### Task instructions
The expected output is the full set of entries, retyped verbatim, pictures excluded.

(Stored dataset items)
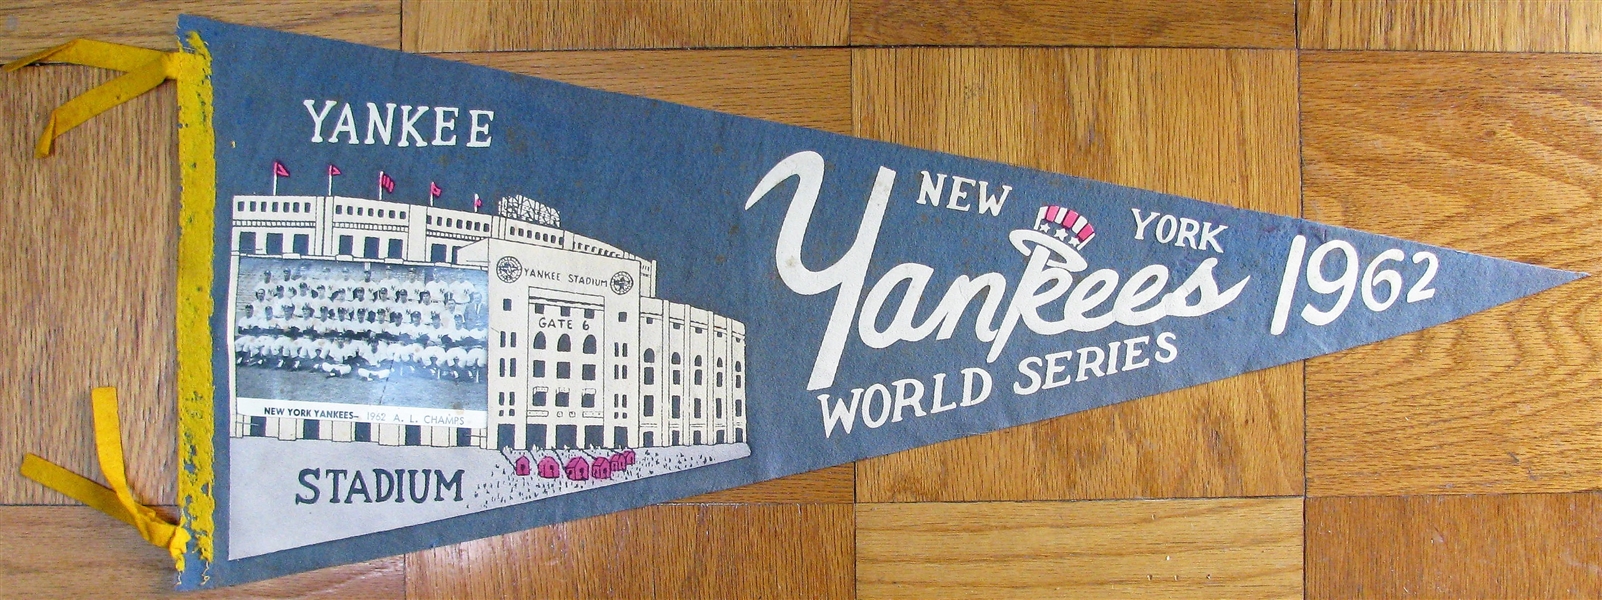 1962 NEW YORK YANKEES WORLD SERIES PICTURE PENNANT
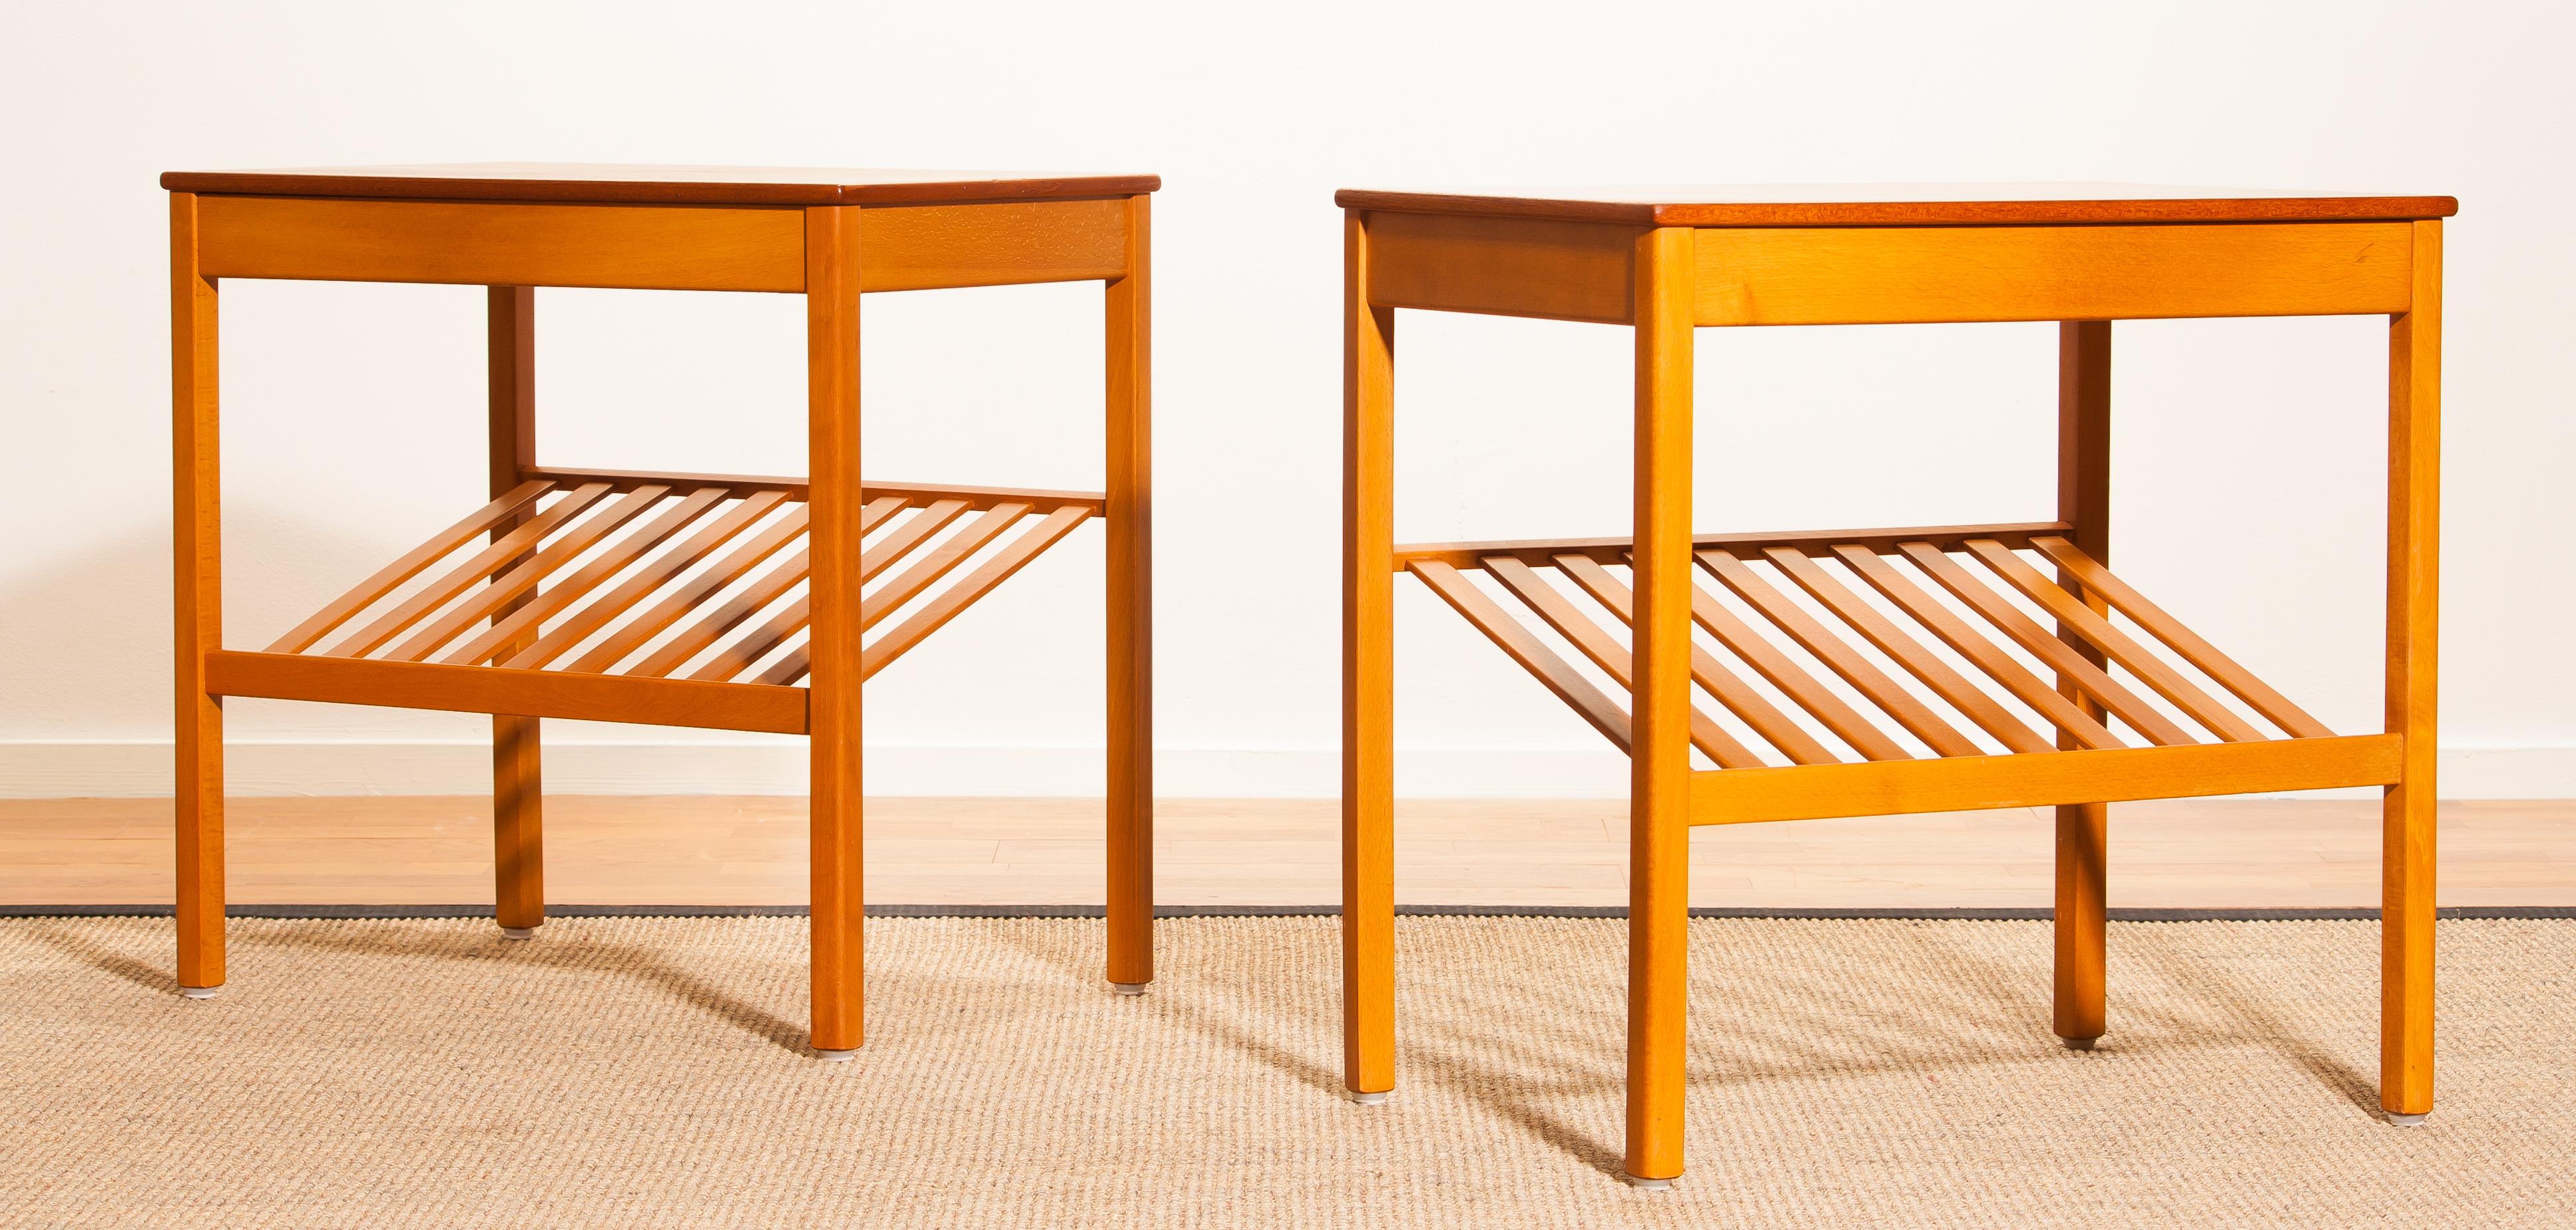 Beautiful pair of large nightstands, side tables designed by Jean Huber for Tingstroms - Bra Bohag, Sweden.
These bedside tables are made of teak and have a drawer and a magazine rack.
They are in wonderful condition.
Period, 1950s
Dimensions: H

### Your response
 1962 NEW YORK YANKEES WORLD SERIES PICTURE PENNANT
 Beautiful pair of large nightstands, side tables designed by Jean Huber for Tingstroms - Bra Bohag, Sweden.
These bedside tables are made of teak and have a drawer and a magazine rack.
They are in wonderful condition.
Period, 1950s
Dimensions: H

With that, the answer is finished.